January 22, 2024
Posted: November 24, 2023 7:34 am
It could be a messy trip home from the holiday weekend for those in the Midwest as a winter storm bears down on the nation’s heartland. Here is what you need to know about the forecast over the next few days.
Storm Advances from Rockies into the Midwest
The winter storm that is currently unleashing up to two feet of snow in some portions of the Rocky Mountains is going to make its way across the Plains and the Midwest this weekend, complicating travel at the tail end of the holiday. In addition, the Great Lakes is bracing for what is predicted to be the first major lake-effect snow event of the season heading into the early part of next week.
While this weather maker will do the most damage across the Rockies, it will also bring in enough moisture from the Gulf of Mexico to create a swath of accumulating snow stretching from Kansas and up into Michigan as it advances to the east.
You can expect the most snow to fall across portions of central Kansas beginning Saturday morning. An isolated zone could pick up 6 – 12 inches while the state’s metro areas of Wichita, Kansas City, and Topeka will see snowfall in the range of 1 to 3 inches.
The bulk of the snow will not fire up until after the sun sets on Saturday. This means that temperatures will be cold enough to create slippery roads. The mercury will fall into the upper teens in some parts of the storm’s impact zones, translating to widespread icy roads late Saturday and into Sunday.
Snow Lines Moves to the East on Sunday
The system will continue to push to the east on Sunday, bringing an inch or two of accumulation to a zone from Illinois and into southern Wisconsin and the Lower Peninsula of Michigan. The northwestern corner of Ohio and northern Indiana will also likely see the flakes fly.
The good news is that the temperatures are forecast to be slightly warmer in this part of the U.S., meaning that the majority of the snow will melt when it makes contact with the roads. However, forecasters caution that some slippery spots may develop, particularly on bridges and other elevated surfaces.

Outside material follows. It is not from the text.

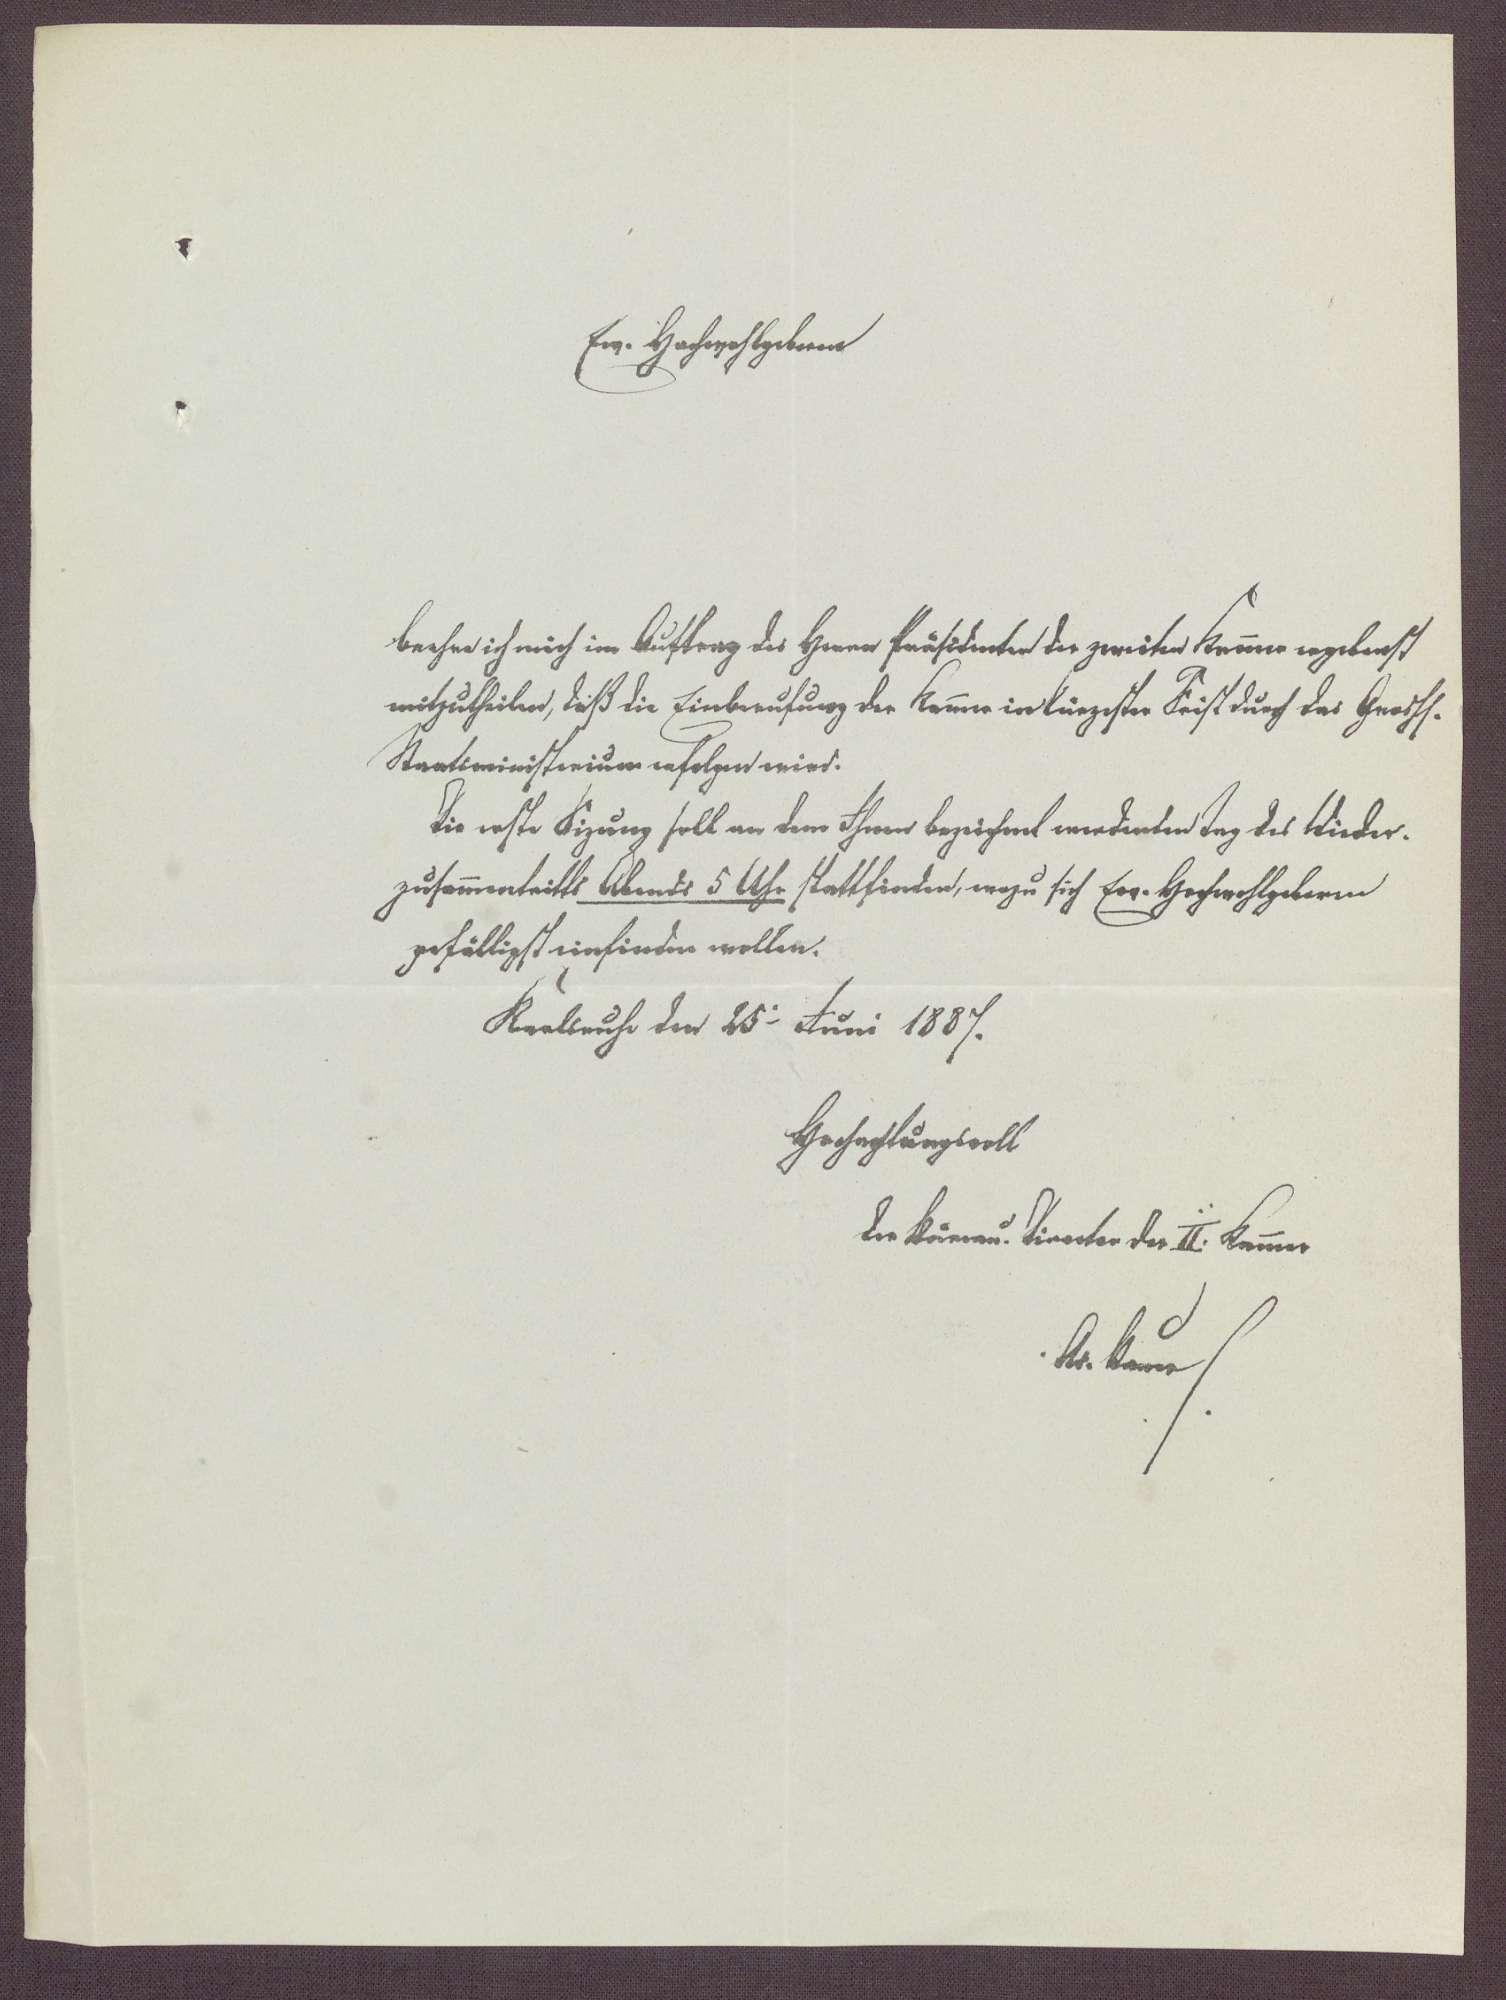 Schreiben an die Abgeordneten der 2. Kammer des Landtags, Einberufung des Landtages, Bild 1

The snow will also create poor visibility on the roadways just in time for the busy rush home on Sunday.
Air travelers may see delays due to the necessity of de-icing operations. Be sure to check your flight before heading out to the airport.
The southern Plains and the mid-Mississippi Valley is expected to see the moisture fall primarily as rain. Areas around Interstate 70 across the Ohio Valley could experience a mix of rain, wet snow, and sleet, depending on the temperatures at the time that the moisture arrives.
Falling temperatures late Sunday and into Monday could cause some of the wet spots to freeze overnight. Motorists heading out for the early Monday morning commute will want to be aware of potential travel spots.
Lake-Effect Snow in the Forecast
This winter storm is predicted to merge with another system brewing near New England and a third storm that is coming down from southern Canada to bring in much colder air across the Upper Midwest. Strong winds will accompany this blast of cold air, setting the stage for a lake-effect snow event.
Winds are predicted to hit between 35 and 45 mph around the Great Lakes region on Monday and Tuesday. Winds of this magnitude will likely produce overwash across the windward shorelines.
This cold air moving over the warmer waters of the Great Lakes is forecast to trigger the first major lake-effect weather event of the season. Locally heavy snow is on the horizon early in the week for portions of northern Wisconsin and northern Michigan, stretching into the western and northern Lower Peninsula of Michigan. Other areas that may see these lake-effect snow bands include northeastern Ohio, northwestern Indiana, northwestern Pennsylvania, and the central, western, and northern areas of New York state.
Those in the target area should prepare for up to 2 inches of snow per hour, producing whiteout conditions. Blowing and drifting snow is also a possibility in the hardest-hit areas. The lake-effect snow is expected to begin to churn up late Sunday in the Midwest before moving to the eastern portion of the Great Lakes over the next few days.